Disease worlds models are essential for personalised medicine [Work in progress]

Why are world models exciting in general?

Evolution is a verified method that can create intelligence. To follow the evolutionary path to create a digital intelligent being, we need three essentials: scalable learning algorithms, computing hardware, and an interactive environment that constantly generates new training data. And everything else is just bitter lessons. However, the last essential is the most challenging yet the most ignored research topic of the community.
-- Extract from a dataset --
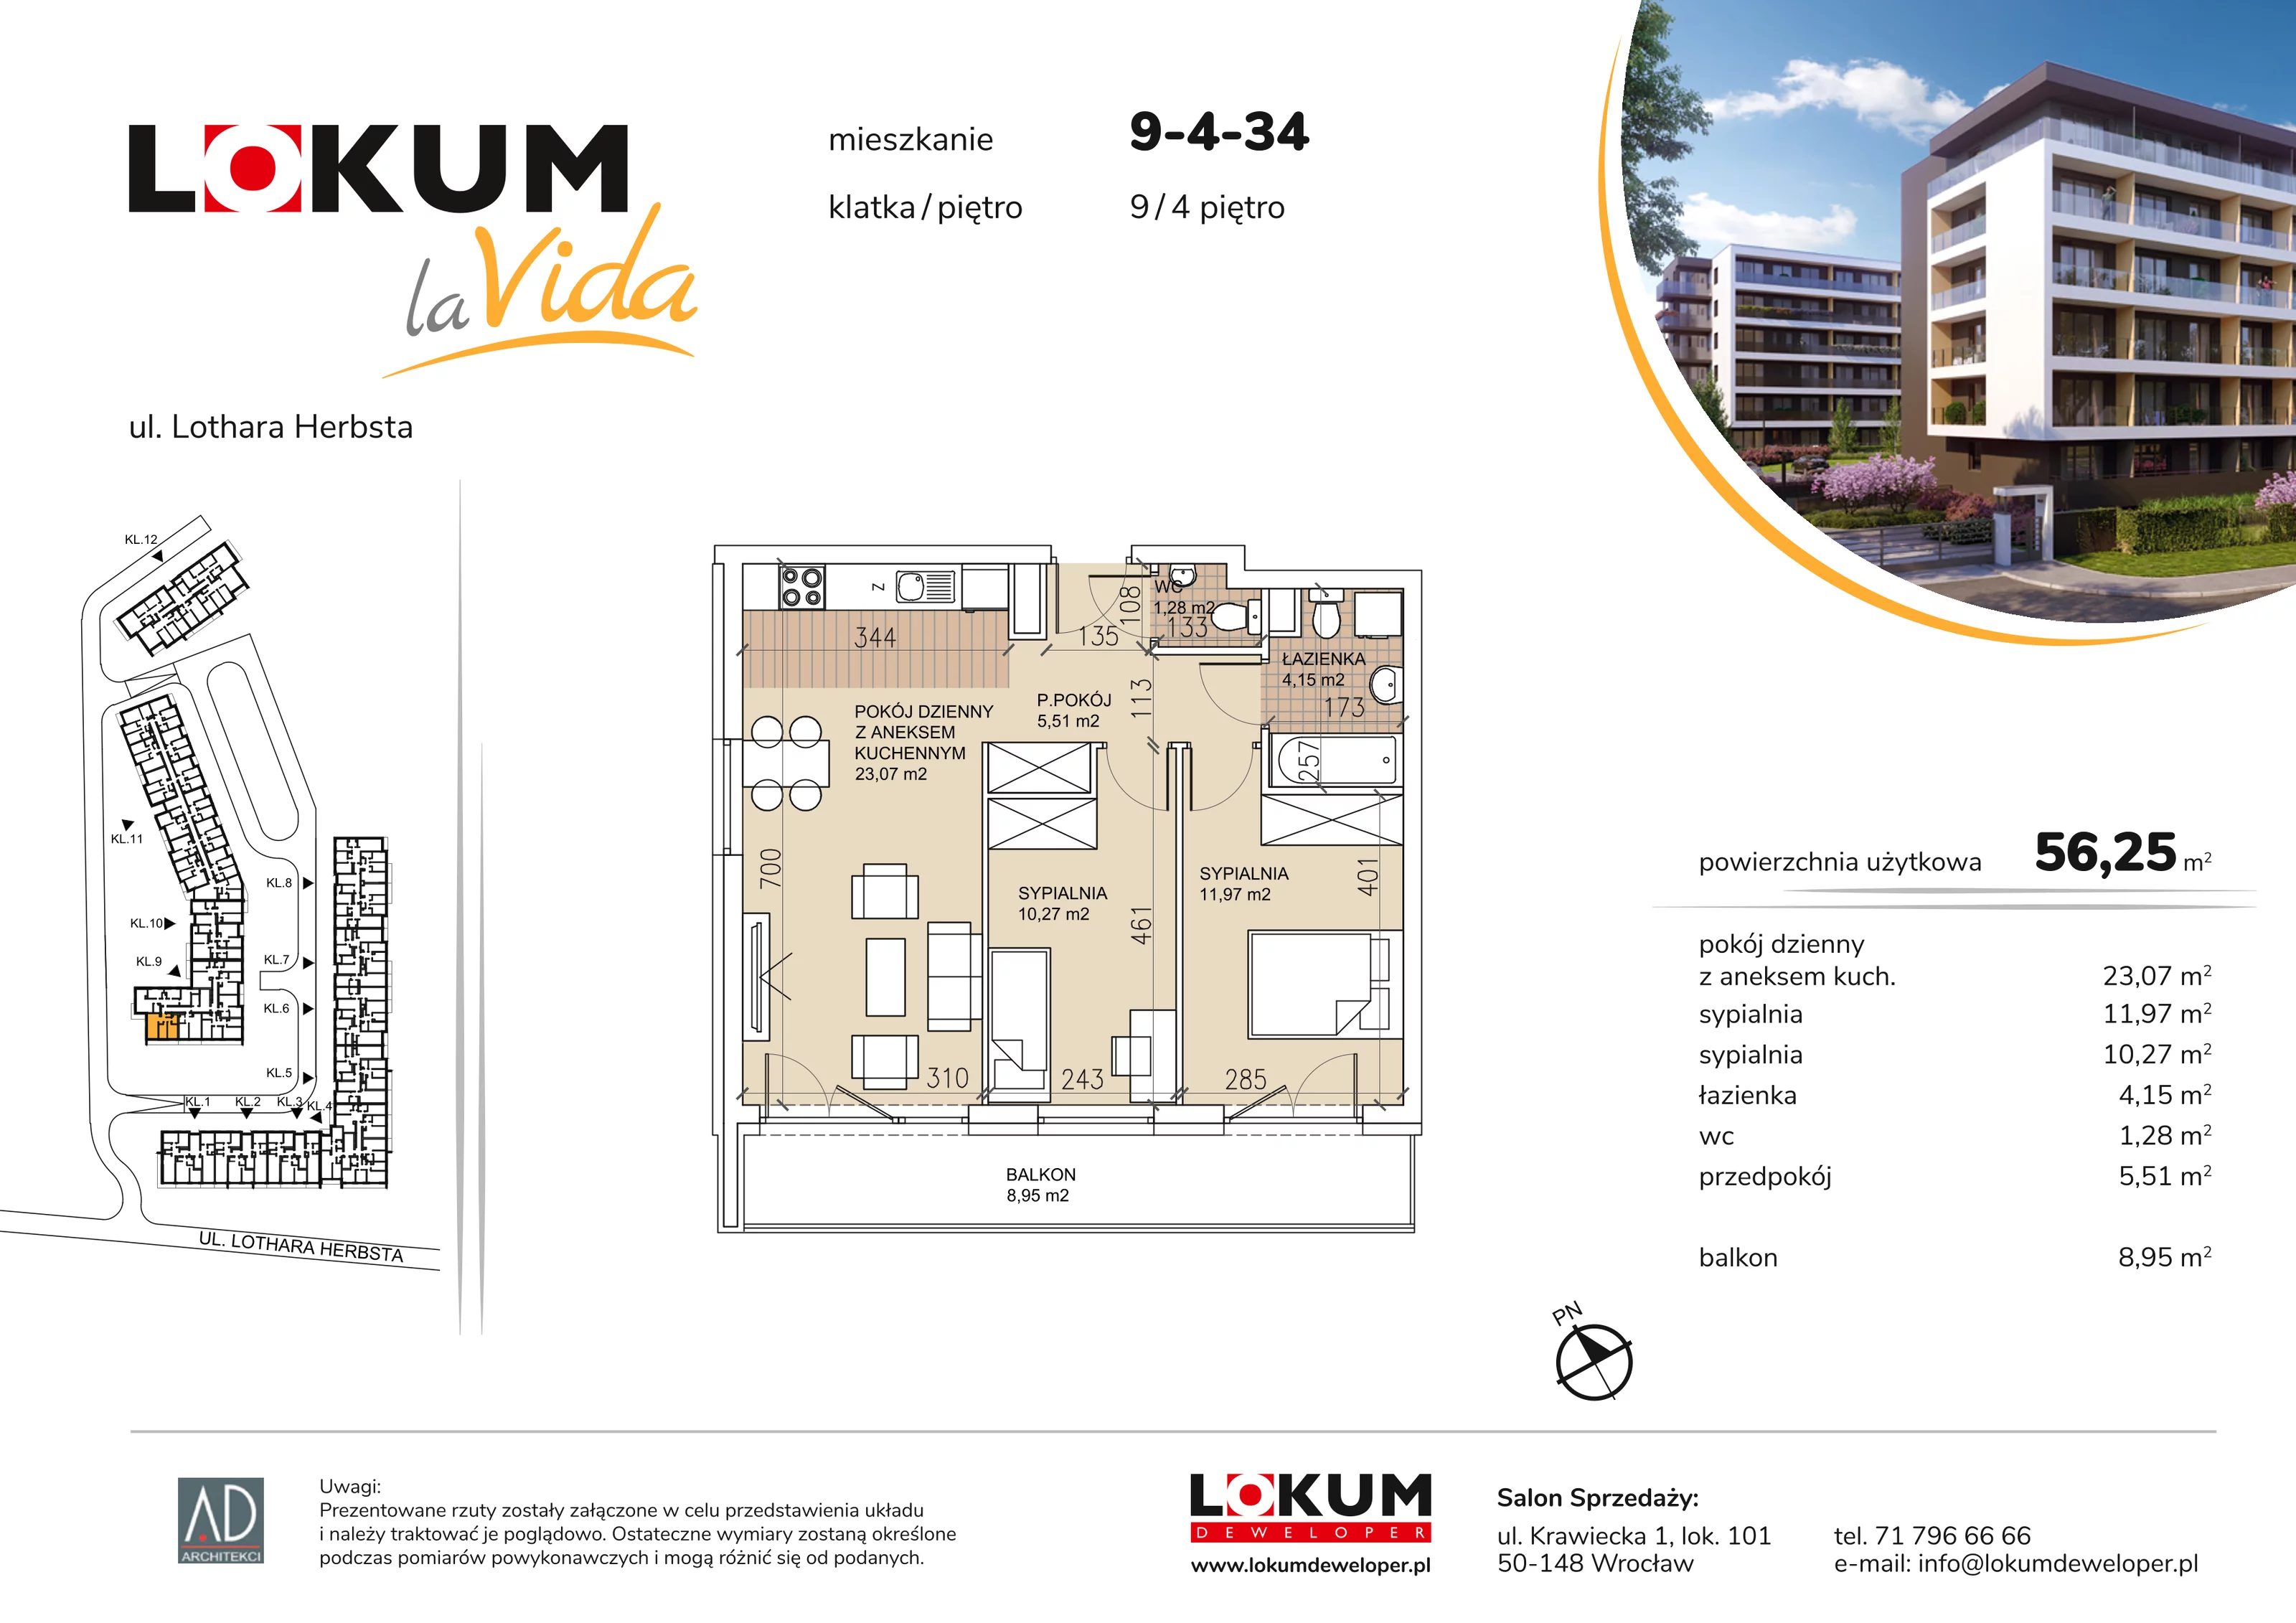 Mieszkanie 56,25 m², piętro 4, oferta nr 9-4-34, Lokum la Vida, Wrocław, Sołtysowice, ul. Lothara Herbsta

Luckily, recent progress in world models and AI agents has started to attract more and more interest to this difficult problem.

How can world models benefit medicine?

World models might not only be the data engine to power future general AI systems but also a great tool to realise personalised medicine. For example, disease world models should be able to: 1) perform virtual screening to save patients from a preventative perspective; 2) generate virtual personal disease progression trajectories for optimal treatment planning; 3) simulate virtual interventions for helping develop new drugs and planning surgical procedures.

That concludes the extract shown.